人間まだまだ捨てたもんじゃない。そこに困っている者がいれば、見知らぬ人同士が団結し、なんとか助けようと救いの手を差し伸べただ。
南米コロンビアで、あやまって水路に落ちてしまった犬を救うために、通りがかった人々が互いに手を取り合い、人間の鎖を作って救出したのだ。
ちょうどその時、現場を通りかかった男性はこの様子を撮影し、SNSに投稿した。
ためらうことなく咄嗟に行動を起こした人々のやさしさと連携は、どんな時代にも消えることのない、人間の本能にある優しさの証だ。
水路に落ちた犬を前に、多くの人が集まる
2025年11月10日、コロンビアの首都ボゴタにあるエル・ティンタル地区で、一匹の犬が誤ってコンクリートの運河に落ちる事故が起きた。
ちょうどそのとき、近くを愛犬と散歩していたニコラス・ガジャルドさんは、遠くから人々の騒ぎ声を耳にした。多くの人々が水路の上に集まり、水面をのぞき込んでいるのだ。
近づいていったところ、ガジャルドさんは、すぐに何が起きているのかを理解した。
犬が水路のコンクリートの土手から滑り落ちてしまったのだ。土手の斜面は非常に急で、人間でもそこを上るのは困難だ。
人と人が手をつなぎあい、人間の鎖を作って救助
犬は水の中で必死に体を支えていたが、斜面が急すぎて自力では戻れない。すると、その場にいた人々がすぐに行動を起こした。
彼らは手を繋ぎあって列を作り、互いが支えになるようにして「人間の鎖」を作ったのだ。
一番下に位置した人物が犬に手を伸ばし、列の上側にいる人たちがその体を支えながら引き上げようとする。

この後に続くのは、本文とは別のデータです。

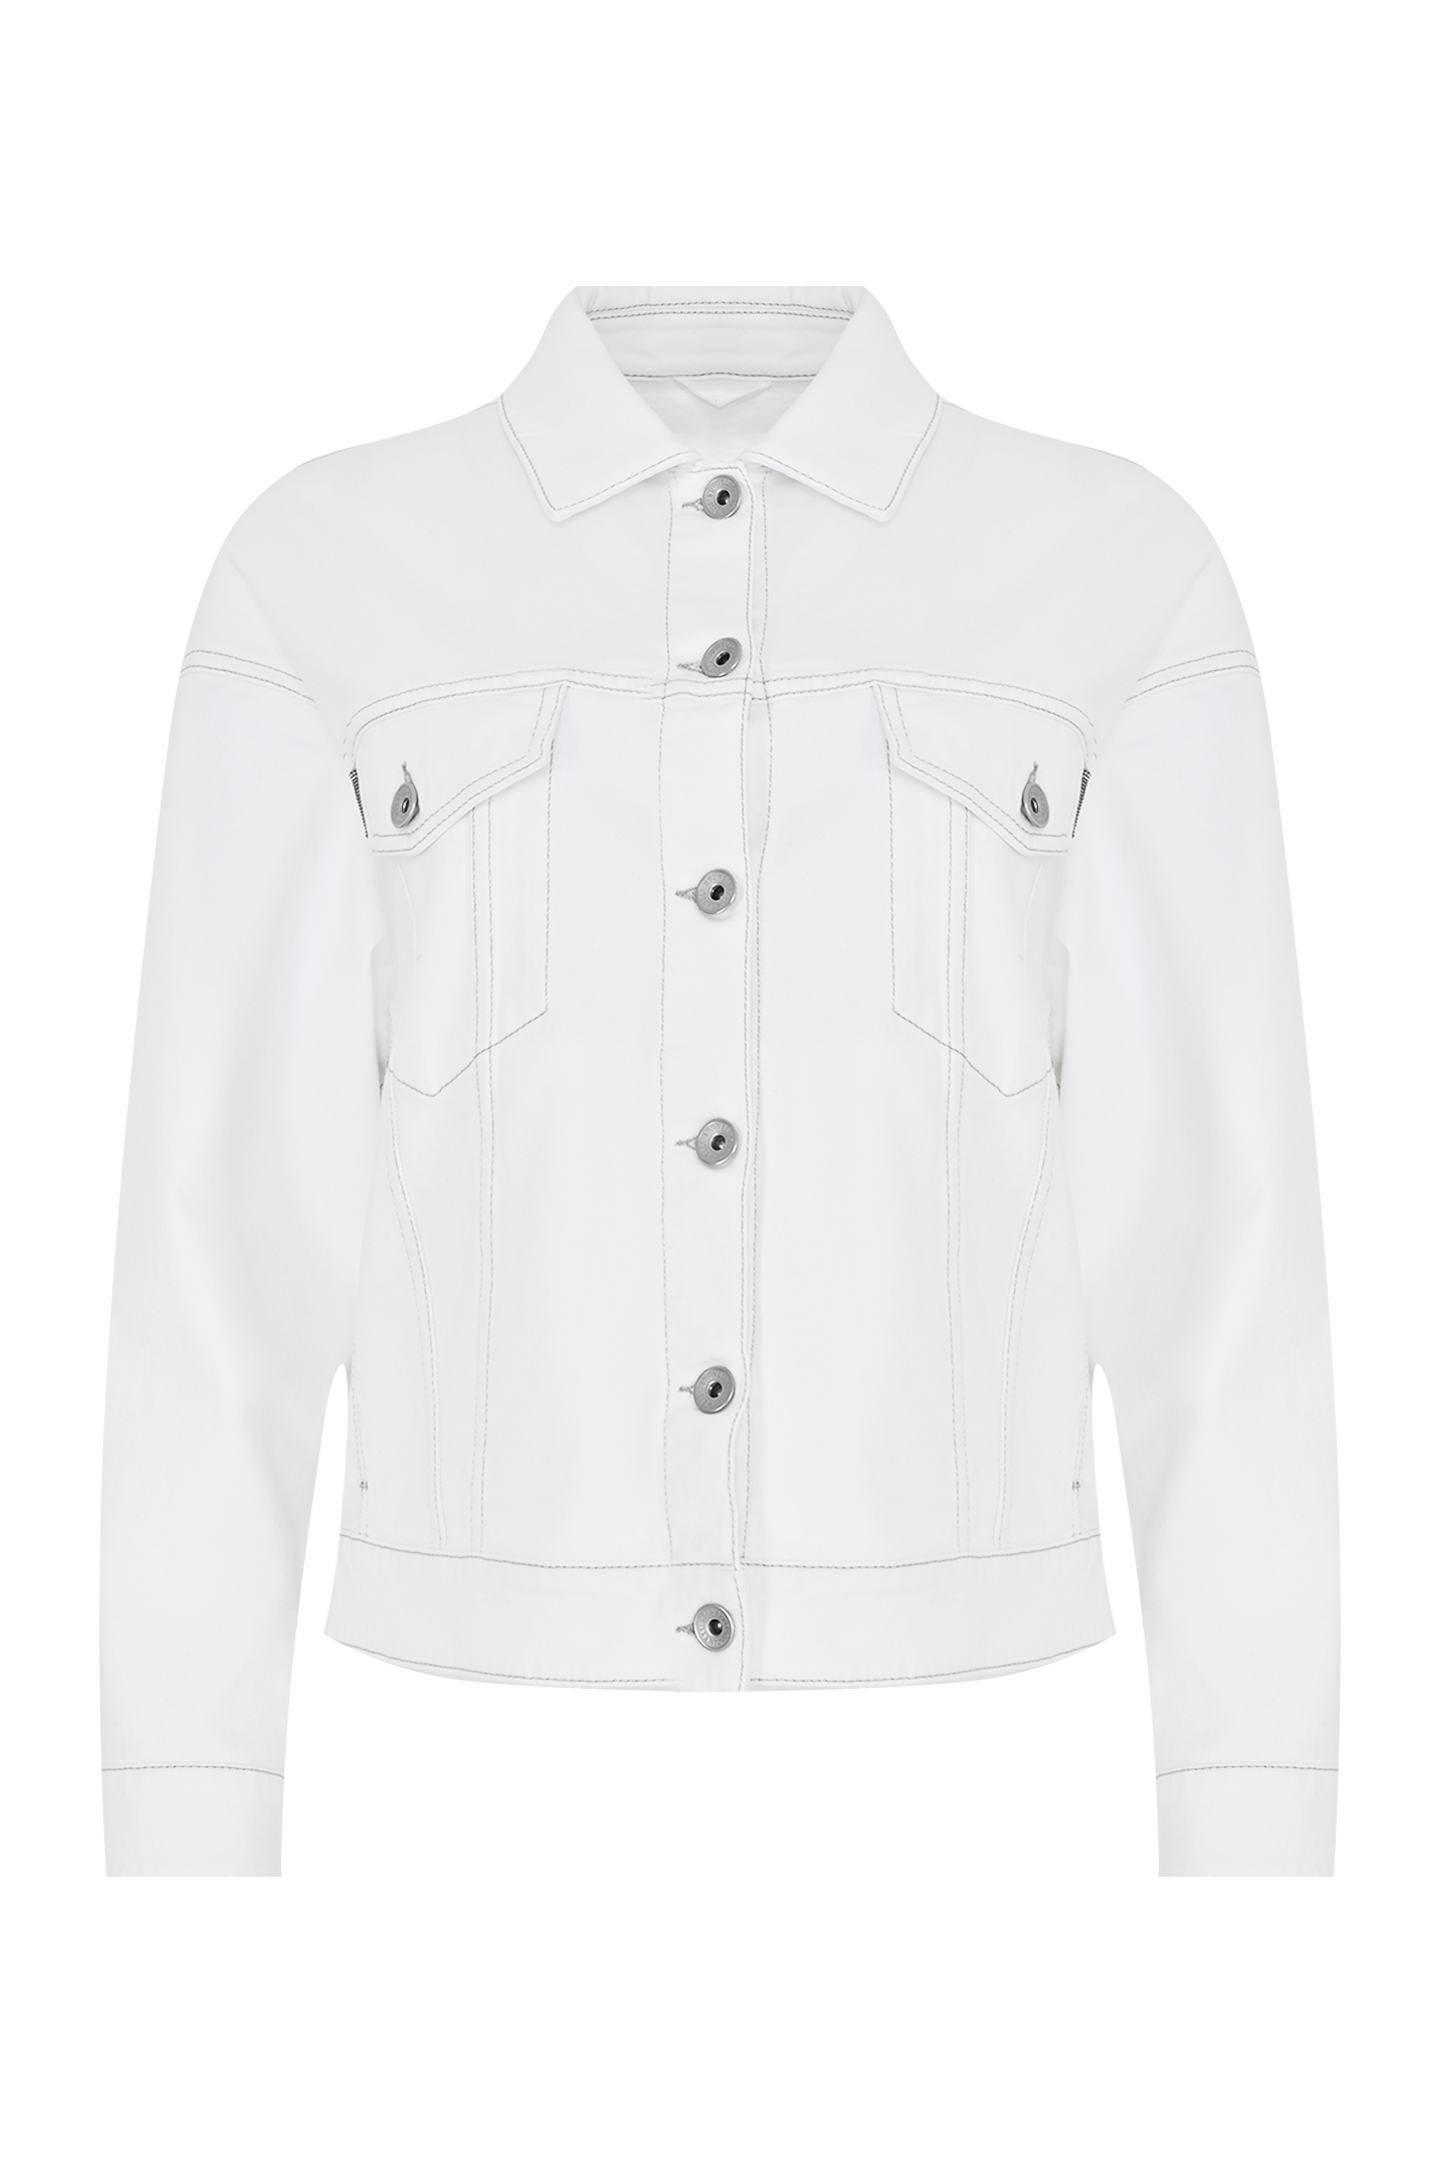 Джинсовая куртка с карманами BRUNELLO  CUCINELLI MB0572989, цвет: Белый, Женский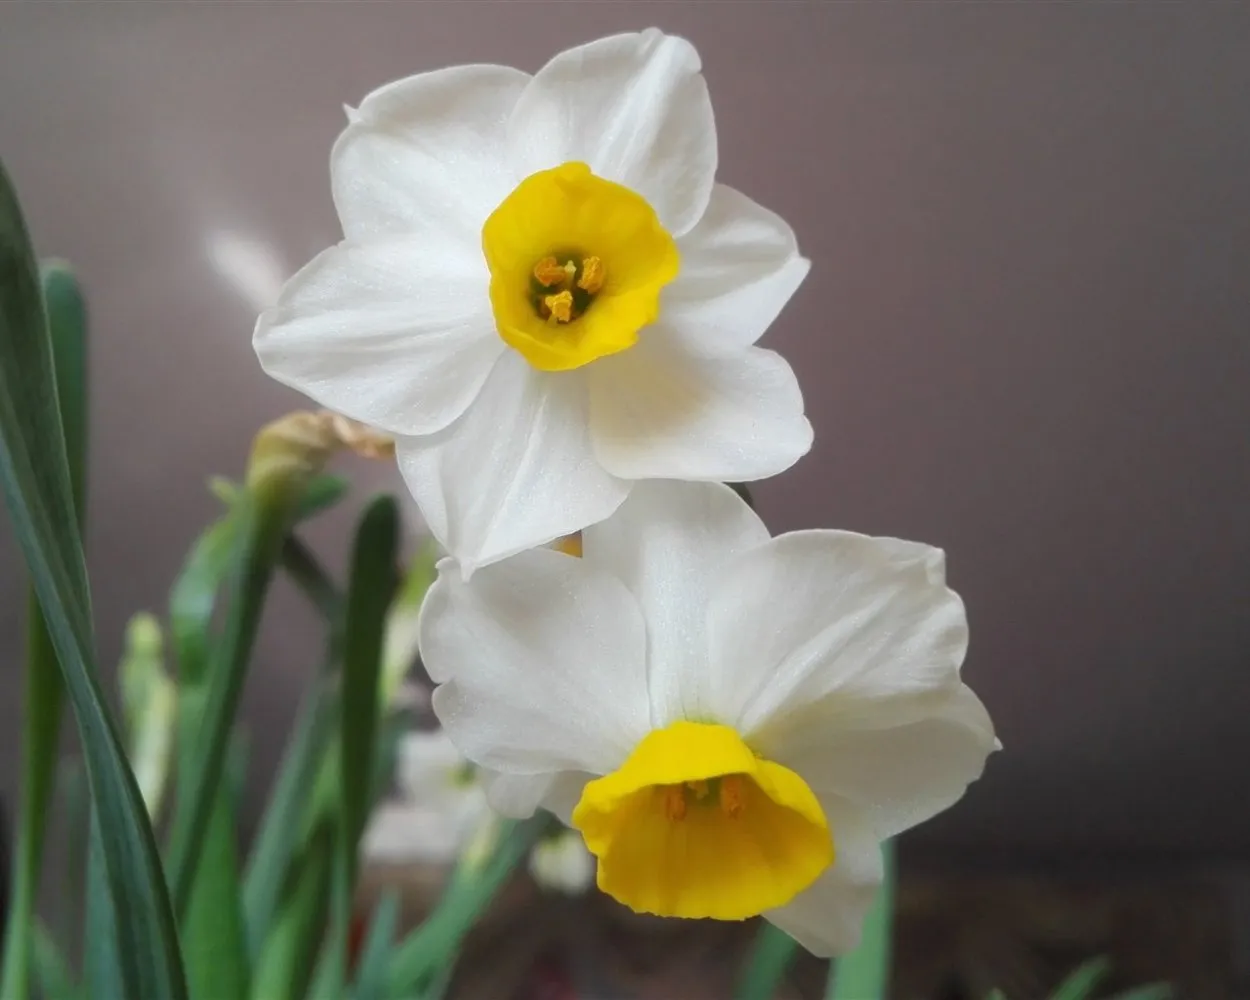 Цветок белый с желтой серединой

見知らぬ人どうしたが、その心は一つとなり、同じ目的へ向かっていった。
ガジャルドさんは反対側の岸にいたため救助には加わることができなかったが、スマートフォンでその様子を撮影した。
「私は向こう岸にいたので何もできませんでした。だから、この感動の瞬間を残すことにしたのです」と彼は語った。
犬は無事救助され、飼い主のもとへ
人々が力を合わせた結果、犬は無事に水路の上へと引き上げられた。幸いケガもなかった。犬は近所では顔見知りの犬で、すぐに近くに住む飼い主のもとへ戻された。
コロンビアでは、飼い主がいても犬が家の外に出て自由に歩き回ることがあるため、仲間の犬と遊んでいる間に落ちてしまったのかもしれない。
ガジャルドさんは救助の様子をSNSに投稿し、スペイン語で「Ejemplo de la unión hace la fuerza(団結は力なり)」と記した。
動画は瞬く間に拡散し、多くの人々から称賛の声が寄せられた。「人間への信頼を取り戻した」「こういう人たちがもっと必要だ」など、温かいコメントが相次いだ。
まだまだ人間捨てたもんじゃない。困っている者が目の前にいたら、見知らぬ者同士が協力し、力を合わせることができるのだ。